There are 8 SQL Jobs that run at different times throughout the day to complete tasks such as DB backup, reindex, DBCC CHECKDB, certain application-related jobs (query intensive), exporting data to other servers...etc.
Since the apps and the interfaces are all DB-intensive it is presumably understandable that there would be lots of memory accesses and disk reads\writes. Now, the fact that memory is not being used much but lots of disk reads\writes might an
orange flag to indicate a warning here. Logically, if we give more memories to SQL Server then the SQL queries won't have to access disk for data much, right? (Unless the cache is flushed... I know this is a very generic question that's hard to answer without
technical details and variables).
Back to the main point...
So we collect PerfMon logs, generate PAL reports and see high Disk read\write.
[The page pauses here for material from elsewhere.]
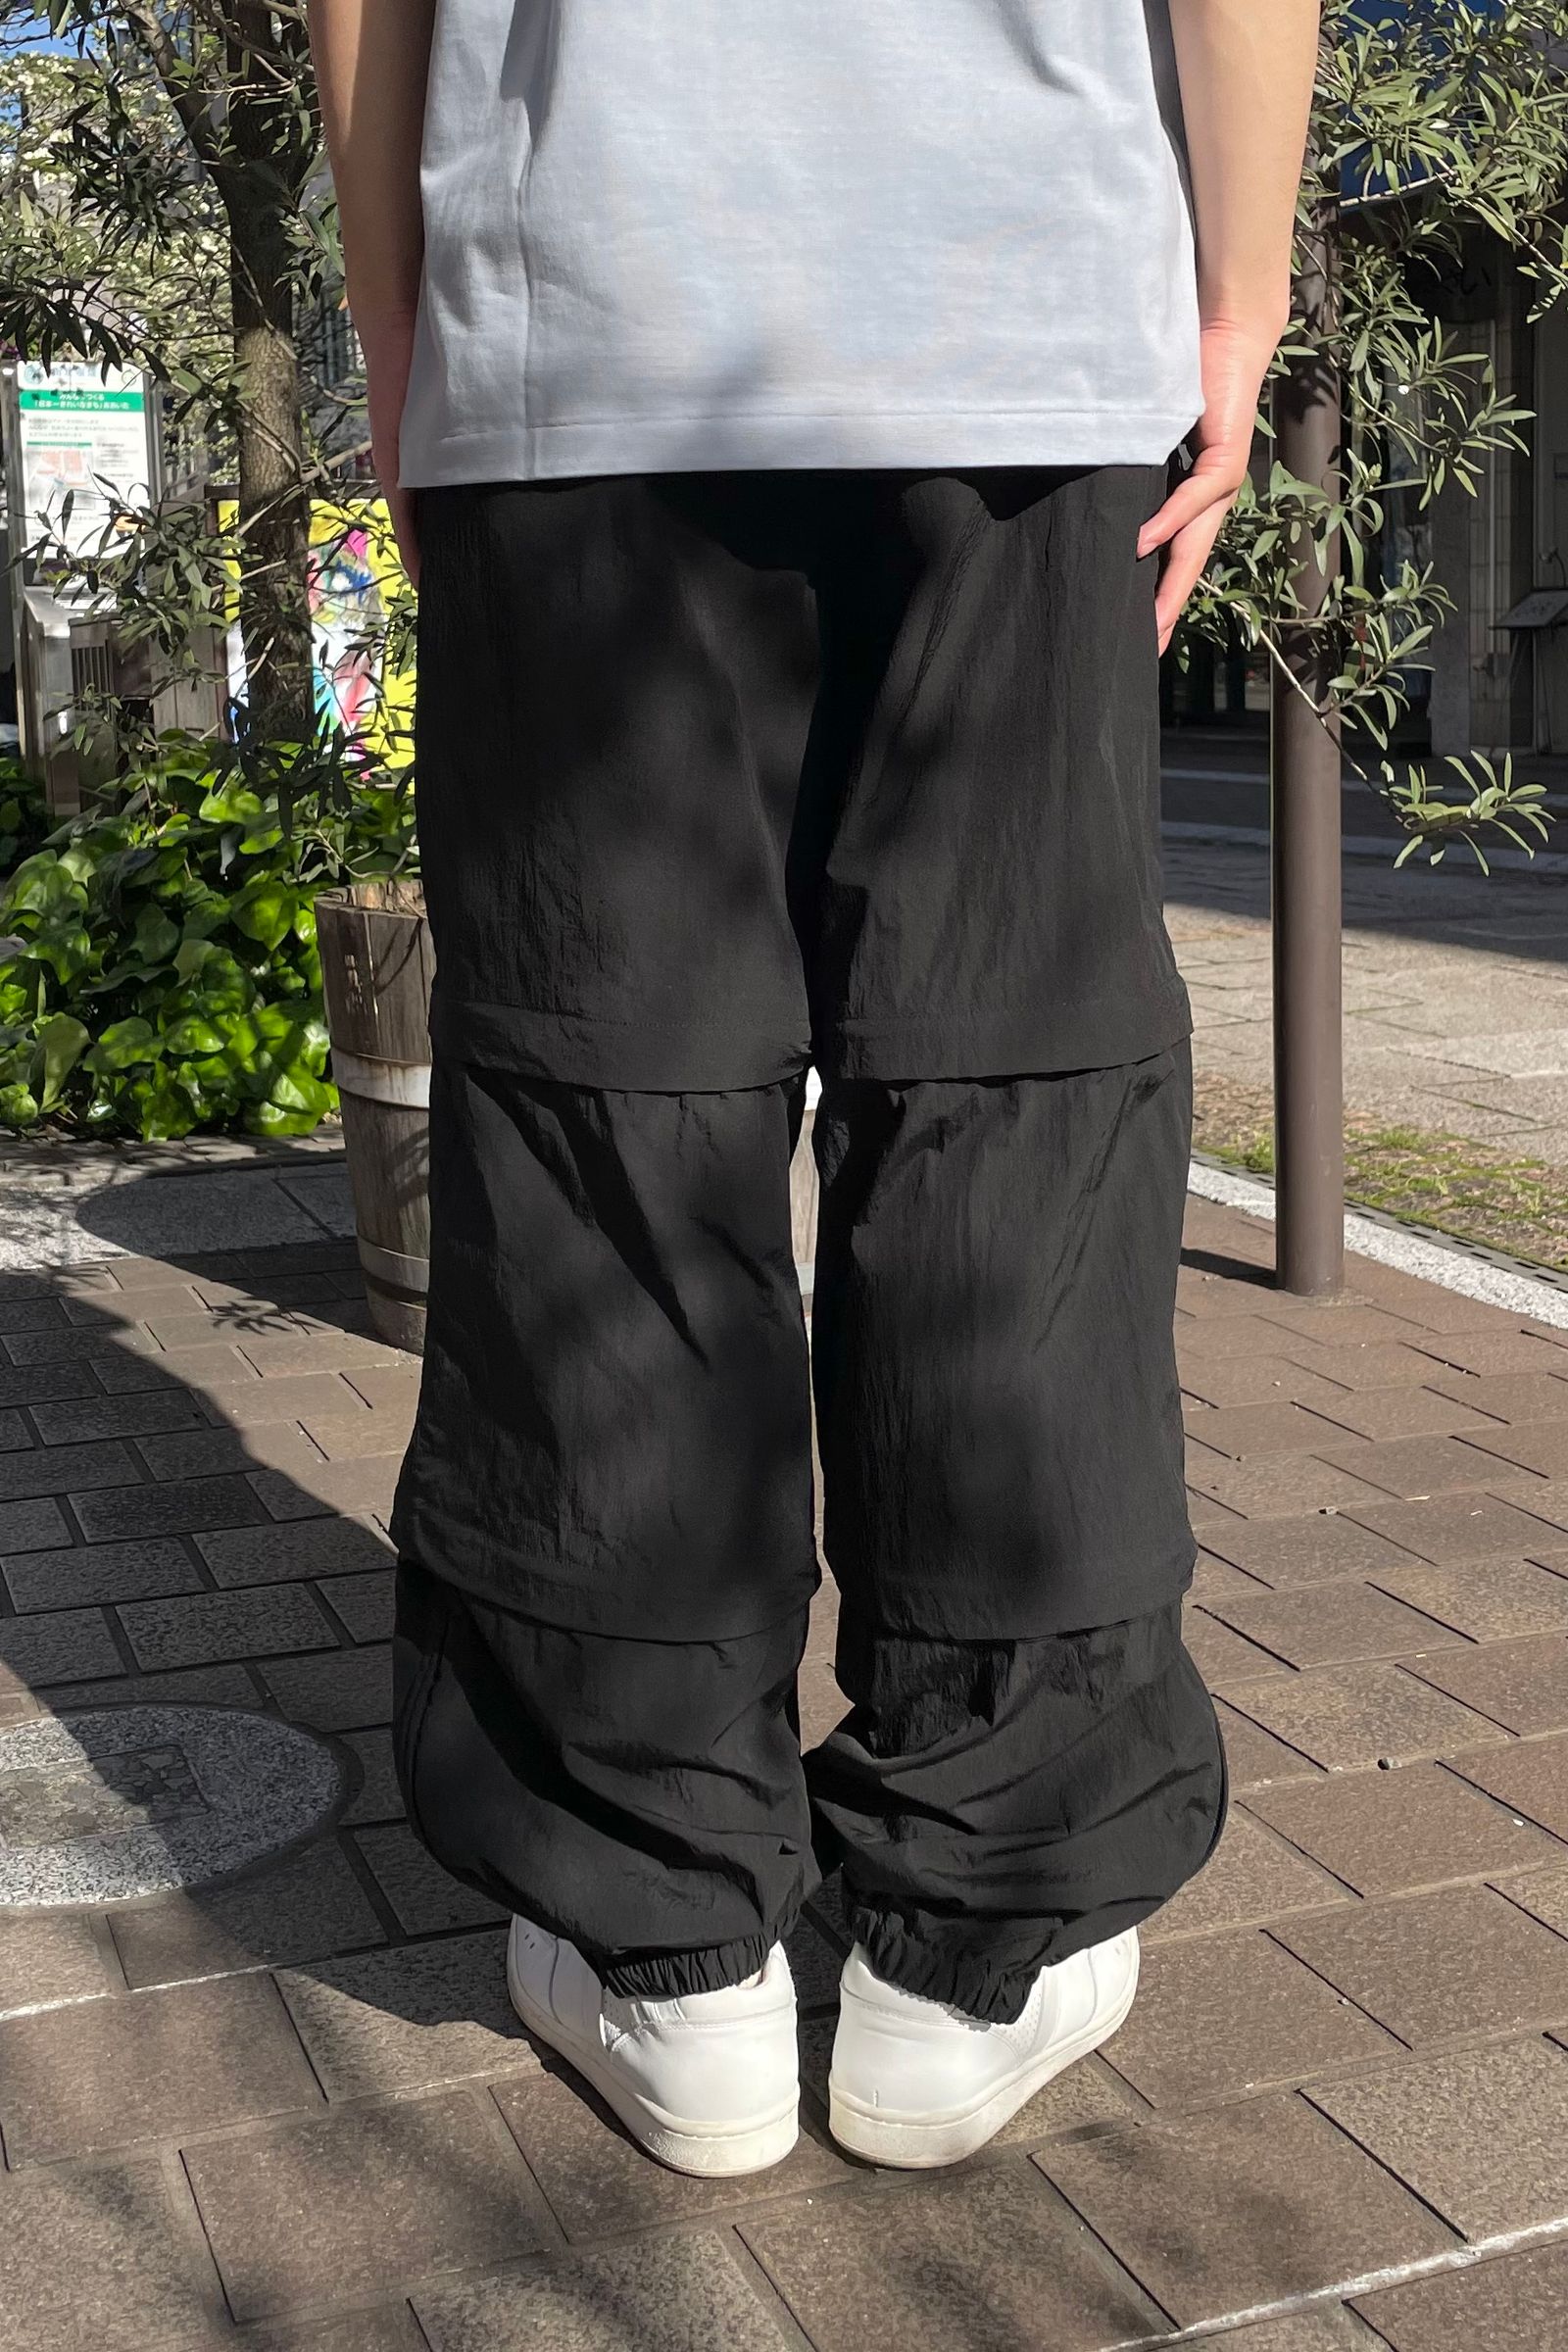 DAIWA PIER39 - tech 3way windbreaker pants - black- 23ss men

What do we do after that? We know the apps are DB intensive. So there will be disk reads\writes. When they exceed the standard thresholds do we look at it from the standpoint of: "Ok, could the disk be performing at an inefficient level?" or do
we look at it from the standpoint of: "How can be make the application so that it is less disk IO intensive?".
We have the same application distributed to thousands of other clients on different platforms and "performance" is not the common denominator. Majority of our clients do not experience application slowness. So, that's why are concentrating
on this specific incidence.
Again, the question is, we see high disk read\write. What is the next step after that?
Any advise, suggestions, recommendations, sharing experience would greatly be appreciated. I might have left lots of helpful information out for you to be able to give me advise, and if so - please let me know what else i need to provide.
I haven't provided much details on the thin-client Wyse terminals that are used at the properties. But we also have same chain customers that use the same terminals and do not experience slowness issues.
Finding a solution to this would help us a great deal and solve an issue we have been battling for 2 years.